Sudah lima tahun saya berkubang dalam perbuatan maksiat. Setan telah merendahkan kedudukan saya dengan bujukannya untuk menjauhi jalan Allah. Selama periode itu saya tidak menunaikan shalat atau puasa dan melanggar segala yang diharamkan oleh Allah seperti mabuk-mabukan, bermain perempuan, maupun lainnya.
Semua itu bahkan saya lakukan di bulan Ramadhan. Namun, Allah menunjukkan jalan dan memberikan kasih sayang kepada siapa pun yang dikehendaki-Nya. Dua minggu sebelum masuk Ramadhan tahun ini saya bertaubat dan bertekad untuk mengganti puasa yang tertinggal selama lima bulan. Namun, saya tidak tahu bagaimana caranya.
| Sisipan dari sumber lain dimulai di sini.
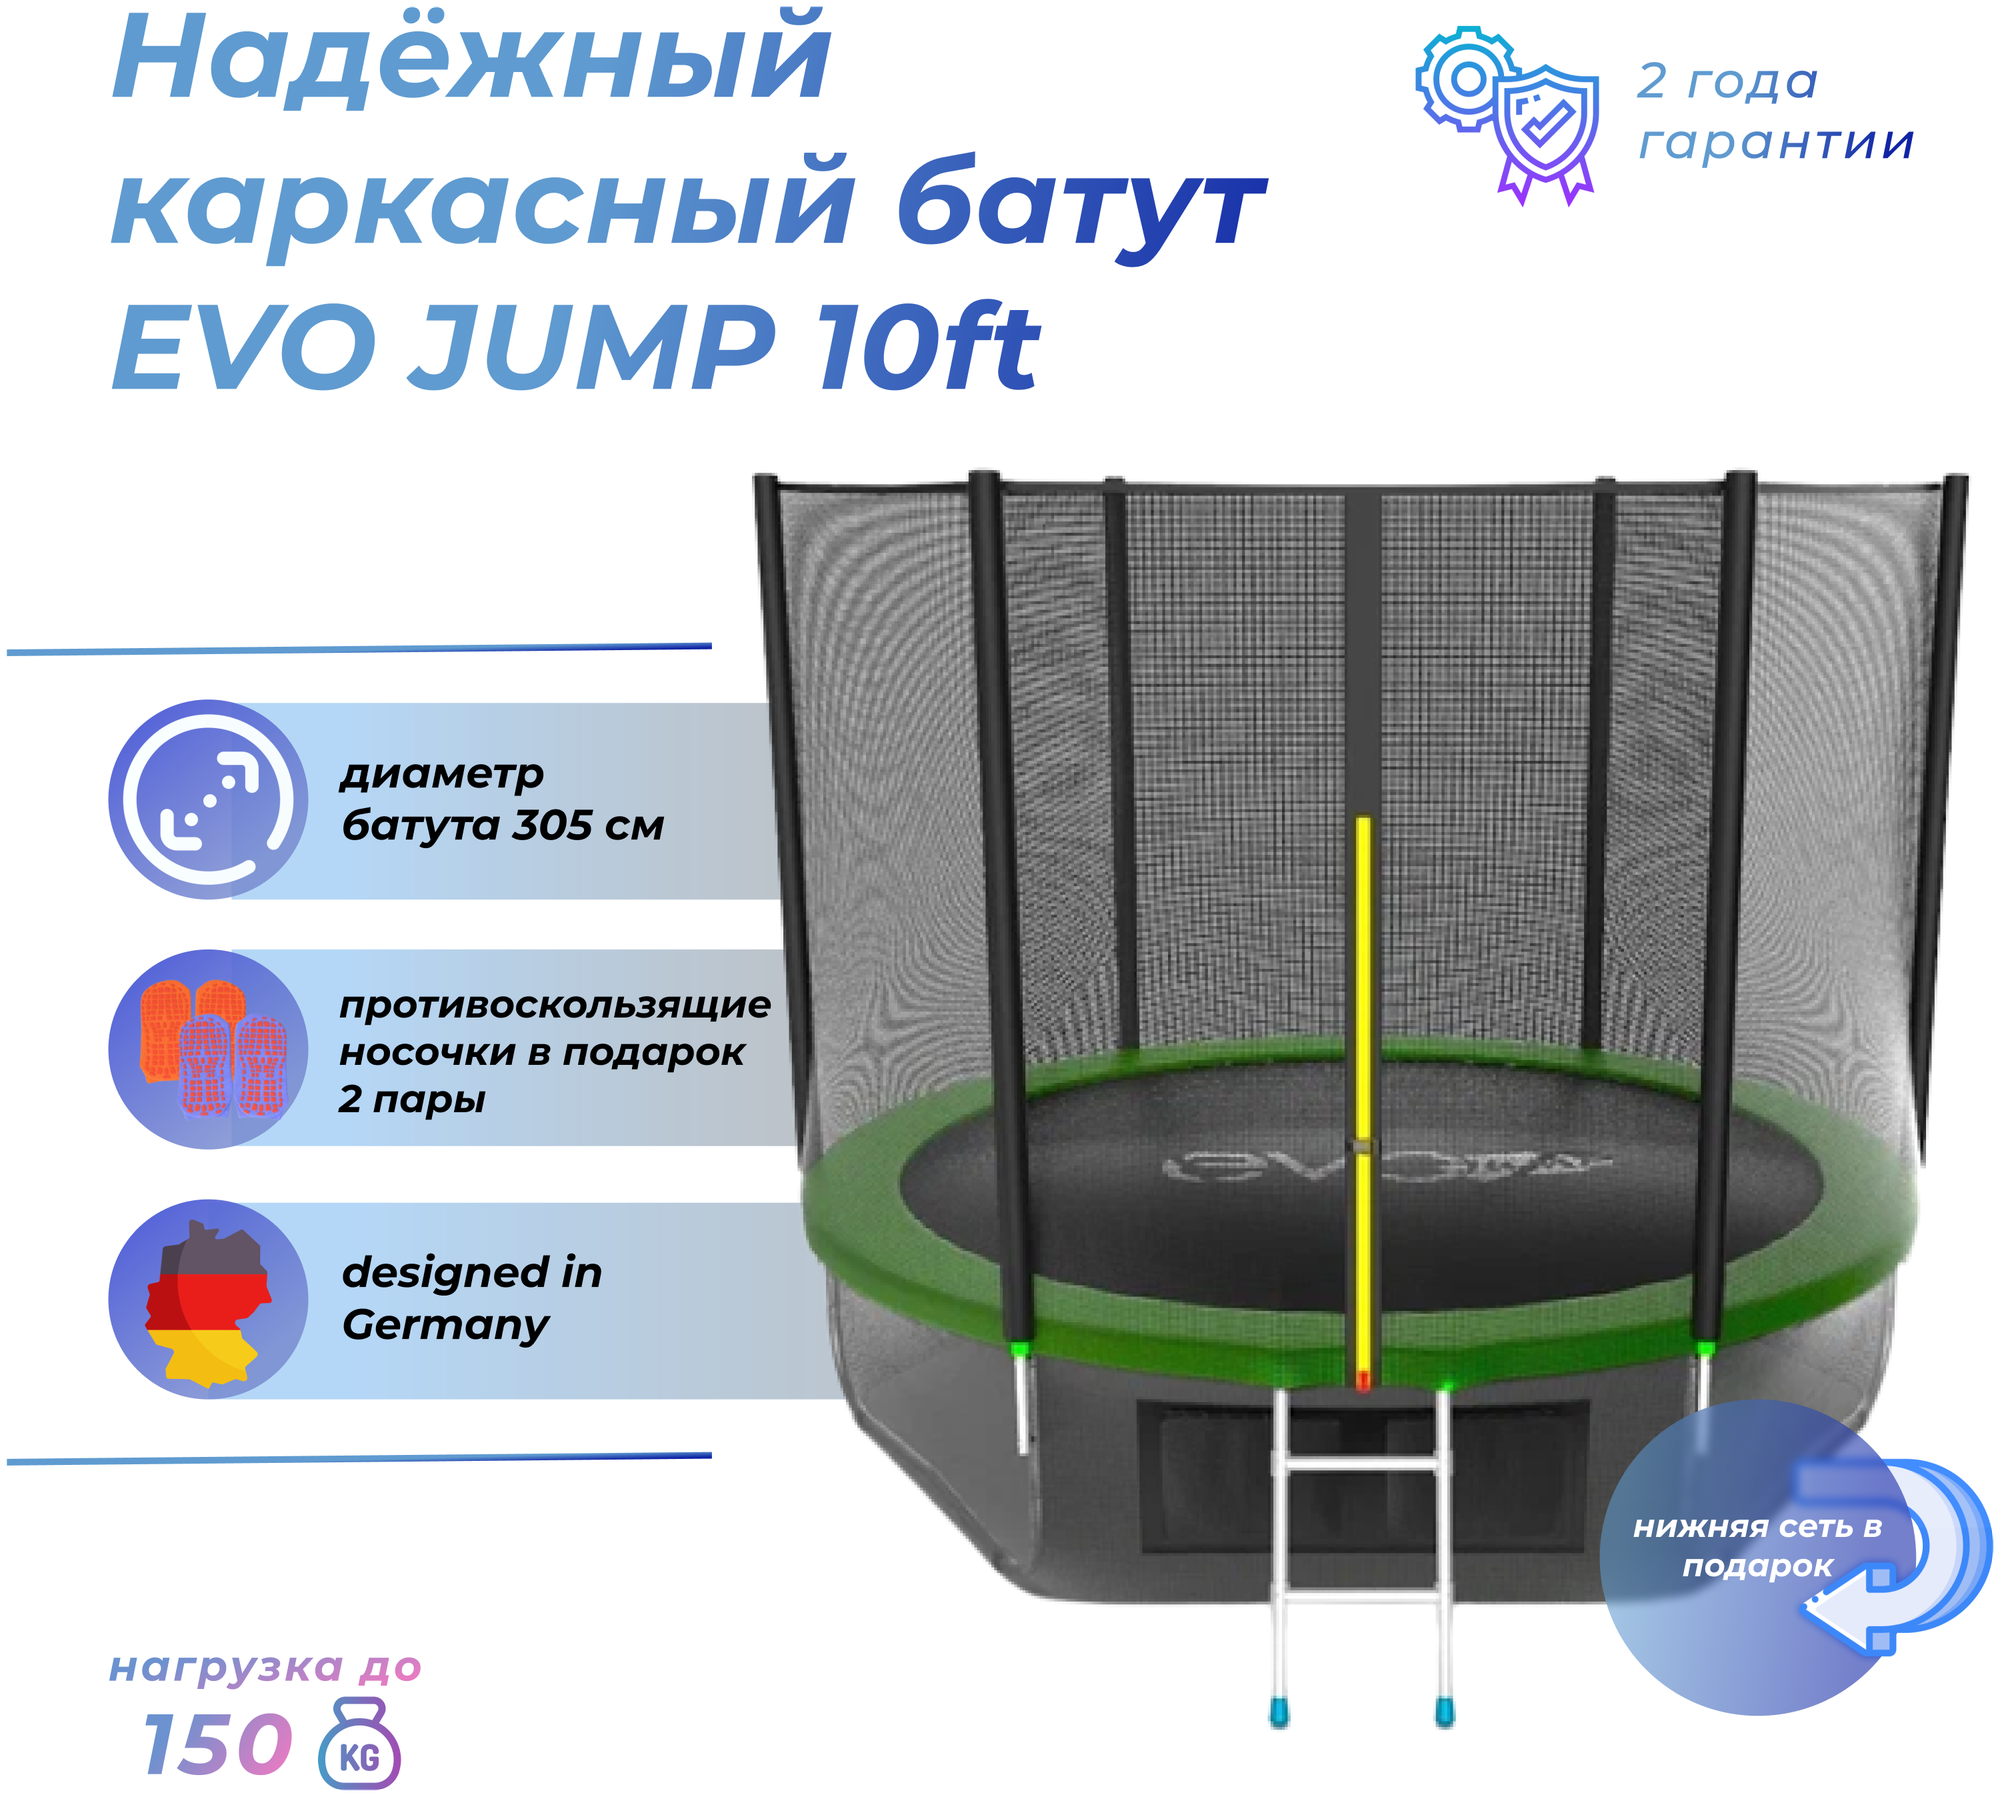  EVO Jump External 10ft (Green)      +

Sebab masalah ini sepertinya lebih besar dari sekadar menebusnya dengan kafarat dan memberi makan orang miskin. Saya berharap Anda dapat menjelaskan masalah ini dengan gamblang terutama menyangkut cara mengganti bulan-bulan Ramadhan yang terlewati tanpa puasa dan perbuatan-perbuatan yang saya lakukan.
Apabila saya wajib mengqadha, bagaimana caranya? Apakah saya harus menunaikan puasa lima bulan berturut-turut dan memberi makan orang miskin, atau sebulan-sebulan? Berapa banyak orang miskin yang wajib diberi makan? Inilah masalah sulit yang sedang saya hadapi.
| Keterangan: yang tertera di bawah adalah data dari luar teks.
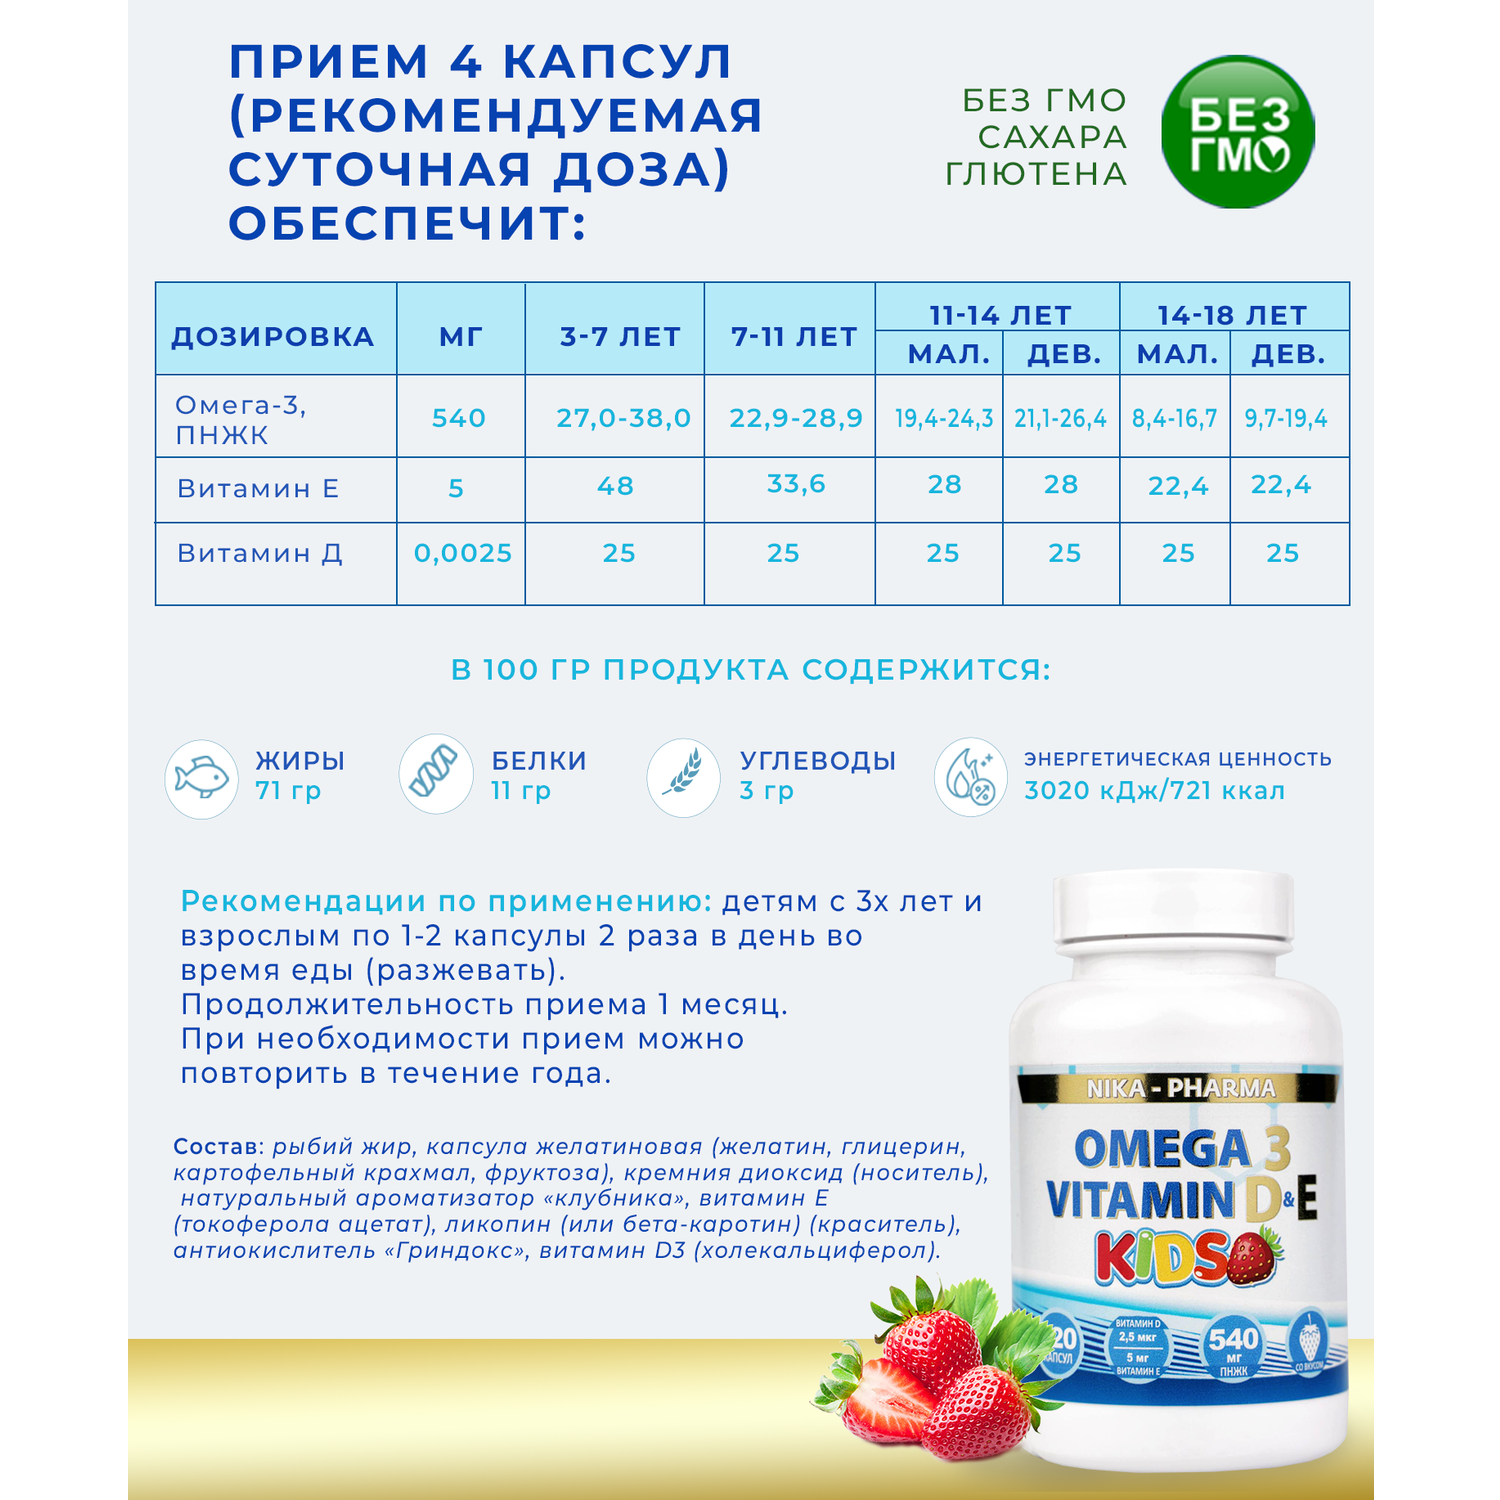 Комплекс детский Омега-3 NIKA-PHARMA с витаминами Е и Д - фото 5

Saya berharap Anda dapat memberikan pencerahan agar saya mampu meniti jalan Allah hingga Hari Kebangkitan. Semoga Allah membalas Anda dengan kebaikan.
Menurut pendapat terkuat ulama, meninggalkan shalat dengan sengaja merupakan kekafiran terbesar yang dapat membuat pelakunya murtad dari agama Islam. Orang yang meninggalkan salat dan bertobat tidak diwajibkan mengqadha salat yang ditinggalkannya. Ia juga tidak wajib mengganti puasa Ramadhan yang tidak ditunaikannya.
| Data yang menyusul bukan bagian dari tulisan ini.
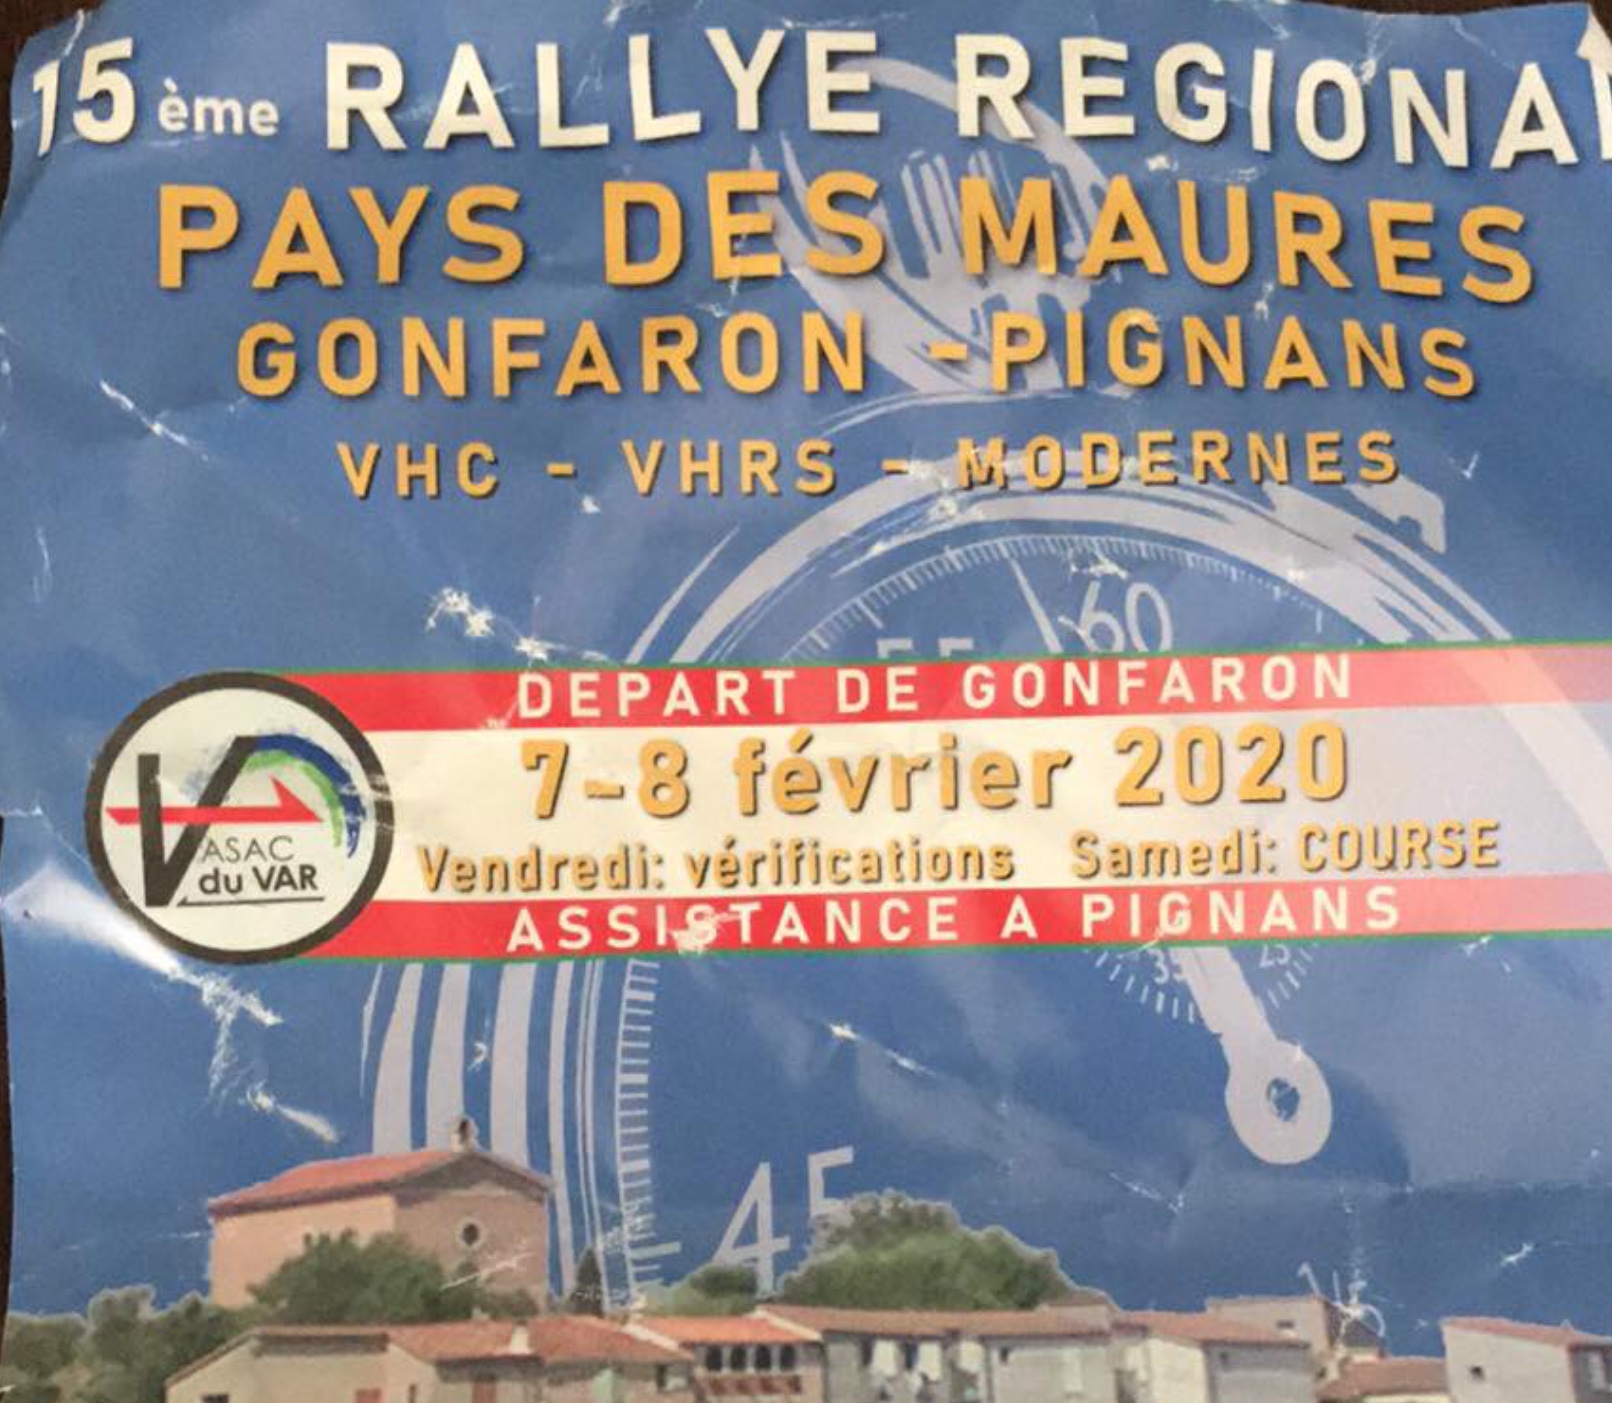 Rallye Pays des Maures – Gonfaron Pignans

Ia tidak wajib membayar kafarat atas maksiat yang dilakukan dalam kondisi itu. Dia hanya wajib bertobat dengan sungguh-sungguh kepada Allah Subhanahu wa Ta’ala berdasarkan firman-Nya,
وَإِنِّي لَغَفَّارٌ لِمَنْ تَابَ وَآمَنَ وَعَمِلَ صَالِحًا ثُمَّ اهْتَدَى
“Dan sesungguhnya Aku Maha Pengampun bagi orang yang bertaubat, beriman, beramal saleh, kemudian tetap di jalan yang benar.” (QS. Thaahaa: 82)
Dan,
وَالَّذِينَ لاَ يَدْعُونَ مَعَ اللَّهِ إِلَهًا آخَرَ وَلاَ يَقْتُلُونَ النَّفْسَ الَّتِي حَرَّمَ اللَّهُ إِلا بِالْحَقِّ وَلاَ يَزْنُونَ وَمَنْ يَفْعَلْ ذَلِكَ يَلْقَ أَثَامًا (68) يُضَاعَفْ لَهُ الْعَذَابُ يَوْمَ الْقِيَامَةِ وَيَخْلُدْ فِيهِ مُهَانًا (69) إِلا مَنْ تَابَ وَآمَنَ وَعَمِلَ عَمَلا صَالِحًا فَأُولَئِكَ يُبَدِّلُ اللَّهُ سَيِّئَاتِهِمْ حَسَنَاتٍ وَكَانَ اللَّهُ غَفُورًا رَحِيمًا
“Dan orang-orang yang tidak menyembah tuhan yang lain beserta Allah dan tidak membunuh jiwa yang diharamkan Allah (membunuhnya) kecuali dengan (alasan) yang benar, dan tidak berzina, barangsiapa yang melakukan demikian itu, niscaya dia mendapat (pembalasan) dosa(nya),(68) (yakni) akan dilipat gandakan azab untuknya pada hari kiamat dan dia akan kekal dalam azab itu, dalam keadaan terhina,(69) kecuali orang-orang yang bertaubat, beriman dan mengerjakan amal saleh; maka kejahatan mereka diganti Allah dengan kebaikan. Dan adalah Allah Maha Pengampun lagi Maha Penyayang.” (QS. Al-Furqaan: 68-70)
Hakikat tobat adalah menyesali dosa yang telah dilakukan, menjauhinya secara total, bertekad untuk tidak mengulanginya, dan mengembalikan hak-hak orang yang telah diambilnya (secara zalim).
Wabillahittaufiq, wa Shallallahu `Ala Nabiyyina Muhammad wa Alihi wa Shahbihi wa Sallam.